- Directed by: M. S. Anbu
- Written by: M. S. Anbu
- Produced by: A. Lalitha A. Sivaguru
- Starring: Santhosh; Prabha; Unni Maya;
- Cinematography: Naga Krishnan
- Edited by: Rajkeerthy
- Music by: Sabesh–Murali
- Production company: B Team Players
- Release date: 19 August 2011;
- Running time: 145 minutes
- Country: India
- Language: Tamil

= Mittai =

Mittai is a 2011 Indian Tamil-language romantic drama film directed by M. S. Anbu. The film stars Santhosh, Prabha and Unni Maya, with Vijayakumar, Mahanadi Shankar, A. C. Murali Mohan, Bharathi, Boys Rajan, Meera Krishnan, Singamuthu, Nellai Siva, Swaminathan and Chaams playing supporting roles. The film had musical score by Sabesh–Murali and was released on 19 August 2011.

== Plot ==
Surya and Arun are best friends and students living in a college hostel in Chennai. Arun is from a wealthy family while Surya is from a poor family. Surya is known for being a bad student and often gets into trouble. Arun then bumps into Pooja in different situations and they fall in love. In the meantime, Surya starts receiving love letters and gifts from a person called Pavithra and he starts looking for her. In the letters, Pavithra convinces Surya of becoming a good student. Surya then changes his behaviour, studies hard and passes the exam. Surya becomes frustrated that he cannot meet Pavithra. One day, he receives a letter and a parcel from her. In the letter, she tells him to forget her and in the parcel, Surya finds a statue. Surya remembers about an incident that happened a few months ago: Surya wanted to buy the statue in a shop but it was already reserved by a woman. Surya believes that the woman is Pavithra and takes his friends with him to find her. Surya then introduces Pooja to his friends as Pavithra, leaving his friend Arun aghast.

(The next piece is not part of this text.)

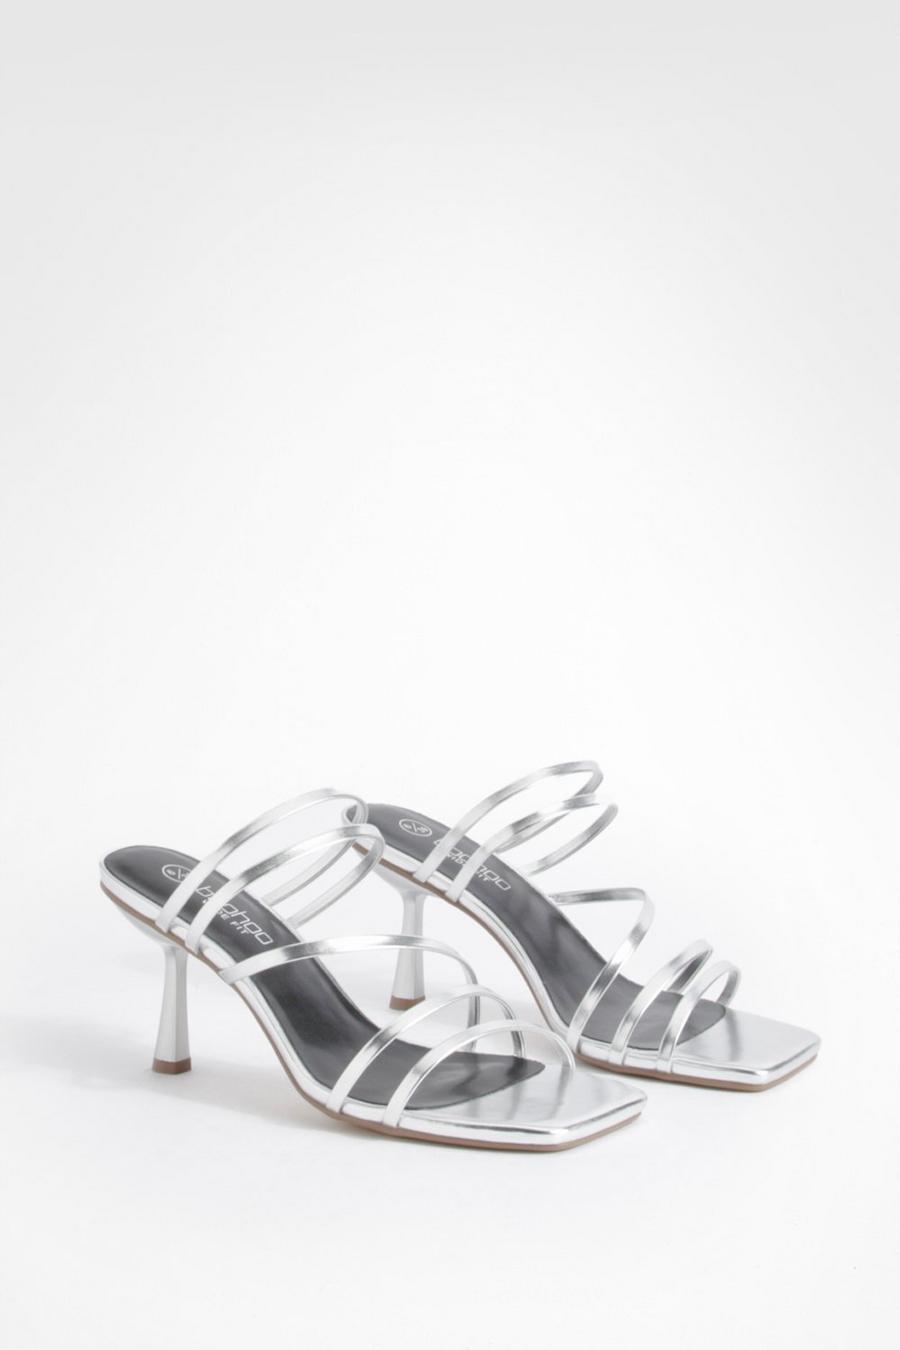 Sandali Mules a calzata ampia metallizzati con laccetti bassi e tacco a spillo, Silver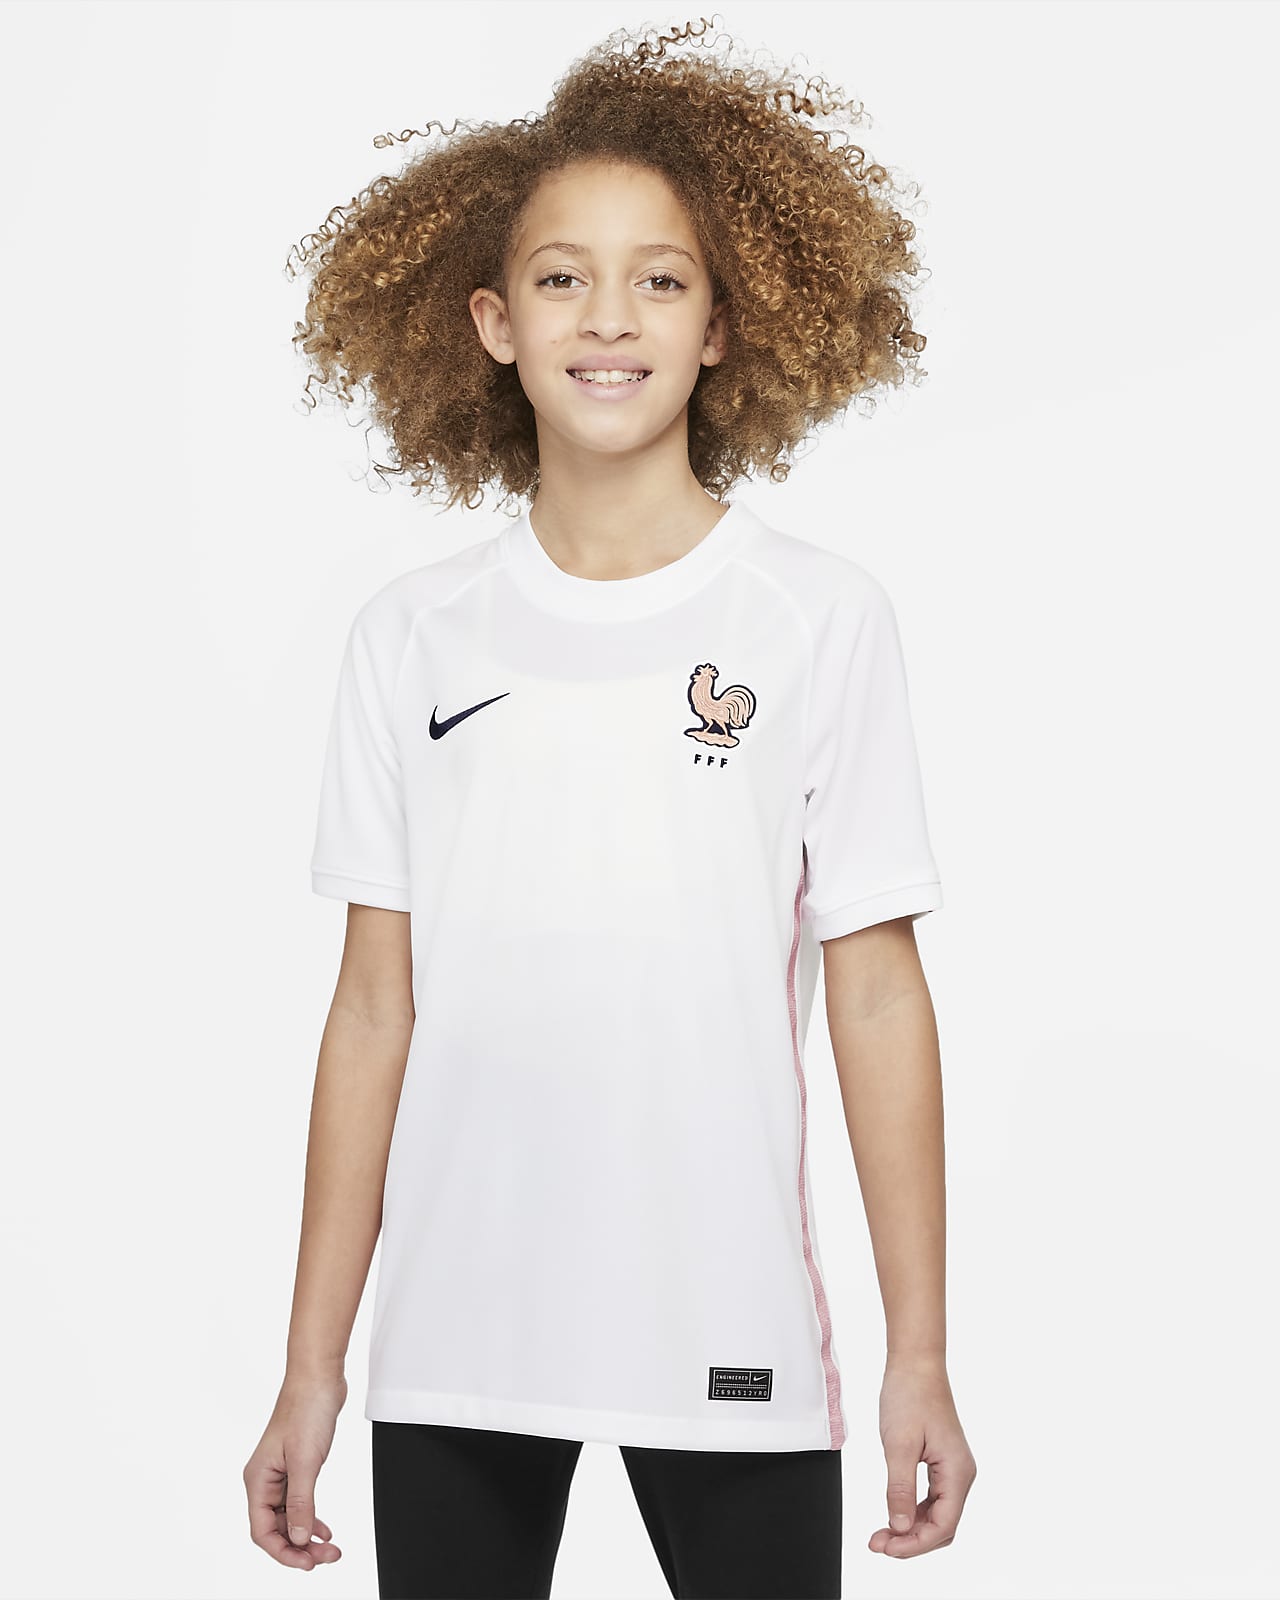 FFF 2022 Stadium Away Older Kids' Nike Dri-FIT Football Shirt

Arun and Pooja have an argument over the issue and Arun tells her the truth. A few months ago, Surya's father begs Arun to change Surya into a good student and he promised him to do so. Surya being stubborn, Arun cannot convince him of studying hard. Arun believed that only love can convince Surya of doing so and he created the character of Pavithra. Arun was the one who wrote the love letters and his plan worked perfectly but his only mistake was to give Surya the statue: a gift bought by his girlfriend Pooja. Arun doesn't want to unveil the truth to Surya and asks Pooja to hide too. Surya shows possessive attitude towards Pooja and he is madly in love with her, thus making Arun uncomfortable. The matter escalates and Surya becomes engaged to Pooja. When Surya learns of their love, he is angered.

Thereafter, Surya asks Pooja to come to the registrar office. There, Surya apologises to Pooja and he marries another woman. Meanwhile, Arun comes to the registrar office with his parents and his newlywed wife. Pooja surprisingly accepts her faith and praises them to have sacrificed their love for their friendship.

== Cast ==

- Santhosh as Surya
- Prabha as Arun
- Unni Maya as Pooja
- Vijayakumar as Surya's father
- Mahanadi Shankar as Traffic police
- A. C. Murali Mohan as Arun's father
- Bharathi as Arun's mother
- Boys Rajan as Pooja's father
- Meera Krishnan as Pooja's mother
- Singamuthu as Vanangamudi
- Nellai Siva as Nithish's father
- Swaminathan as Pulikesi
- Chaams as Nithish (Nethili Karuppan)
- Poochi Senthil as Surya and Arun's friend
- Vipin as Surya and Arun's friend
- Thamizh as Surya and Arun's friend

== Production ==
After directing the film Prathi Gnayiru 9 Manimudhal 10.30 Varai (2006), M. S. Anbu started his new project Mittai in 2008 under the banner of B Team Players. Kadhal Seiya Virumbu fame Santhosh, Pirappu fame Prabha and Unni Maya were chosen to play the lead roles. The poster of the film showing the heroine marrying both the heroes had stirred a controversy. The poster had evoked protests and the film director M. S. Anbu received murders treats. Speaking about the controversy, the film director said, "The poster had my heroine striking a pose with the heroes in wedding costume. While some people praised me for the concept, some others from certain organisations felt offended. These people felt that a girl getting married to two people is against Tamil culture. But I told them it was inappropriate to come to a conclusion without even seeing the film".

== Soundtrack ==
The soundtrack was composed by Sabesh–Murali. The soundtrack, released in 2008, features six tracks. The soundtrack contained the remix of the song "Adi Aathadi" from Kadalora Kavithaigal (1986).

Track list
| No. | Title | Singer(s) | Length |
|---|---|---|---|
| 1. | "Aasaipadu" | Benny Dayal | 5:47 |
| 2. | "Adi Aathadi" | Sunilkumar, Jayadev, Sabesh | 4:51 |
| 3. | "Azhagaana" | Krishnaraj | 3:08 |
| 4. | "Devadhaiye" | Prasanna, Vinaitha | 5:39 |
| 5. | "Katraipola" | Timmy | 4:04 |
| 6. | "Mittai Pennay" | MK Balaji, Reshmi | 6:01 |
| Total length: |  |  | 29:30 |

== Reception ==
Kungumam praised the performance of the lead actors and the film climax.